Colossus Mark I and Colossus Mark II were therefore the first two electronic machines designed to digitally process information that were ever built for practical purposes, as well as being the absolute pioneers of modern day computers. This brief historical incursion is important if we are to understand the founding epistemological leap taken by what can properly be called the start of the postmodern era. In other words, the moment from which the understanding and human manufacturing of possible worlds moved, at least partially, from work that was merely human, physical and intellectual to the work of intelligent machines. Rather than painting forests or building worlds as Brian Eno said in a particularly elegant and poetic formulation, the postmodern creator, a sort of agnostic and post-industrial monist, devotes himself to sowing generative principles from which he expects new harmonic constellations to emerge – “seeds rather than forests.”

John Conway’s cellular automata (developed by Bill Koster and Stephen Wolfram, among others), Karl Sims’s genetic algorithms, and Craig Reynolds’s swarms are some of the paradigms of the new emerging culture in which André Sier is clearly located, along with many other contemporary, or rather post-contemporary, creators (to the extent that their creations are not “actual” but potential, incorporating past, present and potentially future states). Being among the youngest of the cognitive and computational Portuguese artists, André Sier is one of their most serious, original and remarkable representatives.

There is still a learning curve to be climbed regarding the dynamic reception of generative and interactive works that have been created outside of the strict disciplines of music, environments, and installations aimed purely at the ear. Responsibility for this cultural delay primarily falls upon the conservative inertia of the museum and gallerybased world of so-called “contemporary art.” While popular electronic culture has progressed at an exponential rate, as incontrovertibly attested by the sociological, economic and strategic importance of the games industry, the generative and cognitive arts in general remain encapsulated in a sort of “pre-artistic” limbo, as if they were strange beings which were not yet fully entitled to enter the “adult” world of art. This institutional delay will be overcome, probably after a big bang, which I believe lies around the corner. When we least expect it, the cognitive and generative arts will enter our neurones with the same apparent naturalness, speed and irresistible impregnation as an algorithm as revolutionary as that which led to the birth of Google. The preparatory work has been underway for a long time and the philosophically possible worlds of André Sier are surely part of the swarm that will produce the next big change in the τέχνη (techne).

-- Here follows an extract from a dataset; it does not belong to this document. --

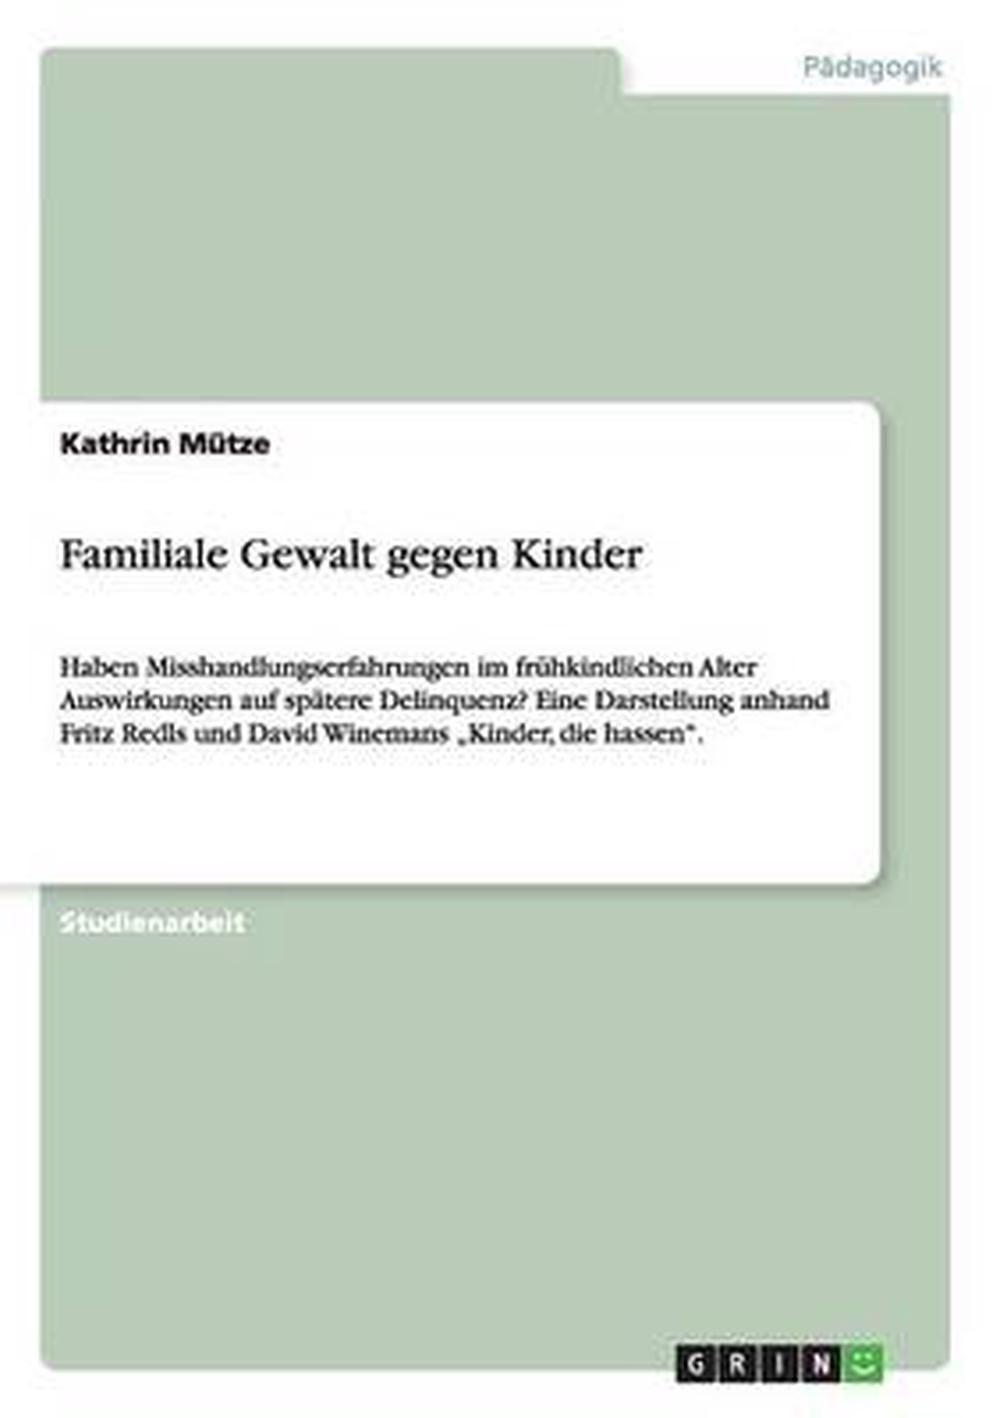 Familiale Gewalt Gegen Kinder by Kathrin Mutze (German) Paperback Book ...

Finally, in this brief introduction to the exhibition that André Sier had at the Museu de São Roque (Lisbon) I will leave you with some notions to remember when we see, hear, feel, perceive and interact with some of the pieces that make up uunniivveerrssee.net:
  1. The perceptive environment is multi-modal: space, object, sound, image, interaction, retroaction, ghost, connection, network, sharing, suspension, interval, continuation, potential.
  2. uunniivveerrssee.net is not a finite world but a cosmogony of possibilities, computationally generated on digital foundations with various (32-bit and 64-bit) extensions. In this case, sentences like “I went to see André’s exhibition”, or “I liked Siers’s installations”, are incomplete and describe only the memory of a highly incomplete and ephemeral perception of the potential reality inscribed in the works of art on offer, the apprehension of which actually requires the apparently infinite time of games.
  3. Creatures imprinted and taken from the digital world of possibilities, inscribed or unleashed by human-machine interaction — a game, individual or collective, whether aleatory or built, shared, or simply an accumulation of possibilities — are the perceptive, sensorial and physical proof of a real emergence that is therefore much nearer to us than the merely fictional or simply virtual worlds of the prehistory of cognitive art.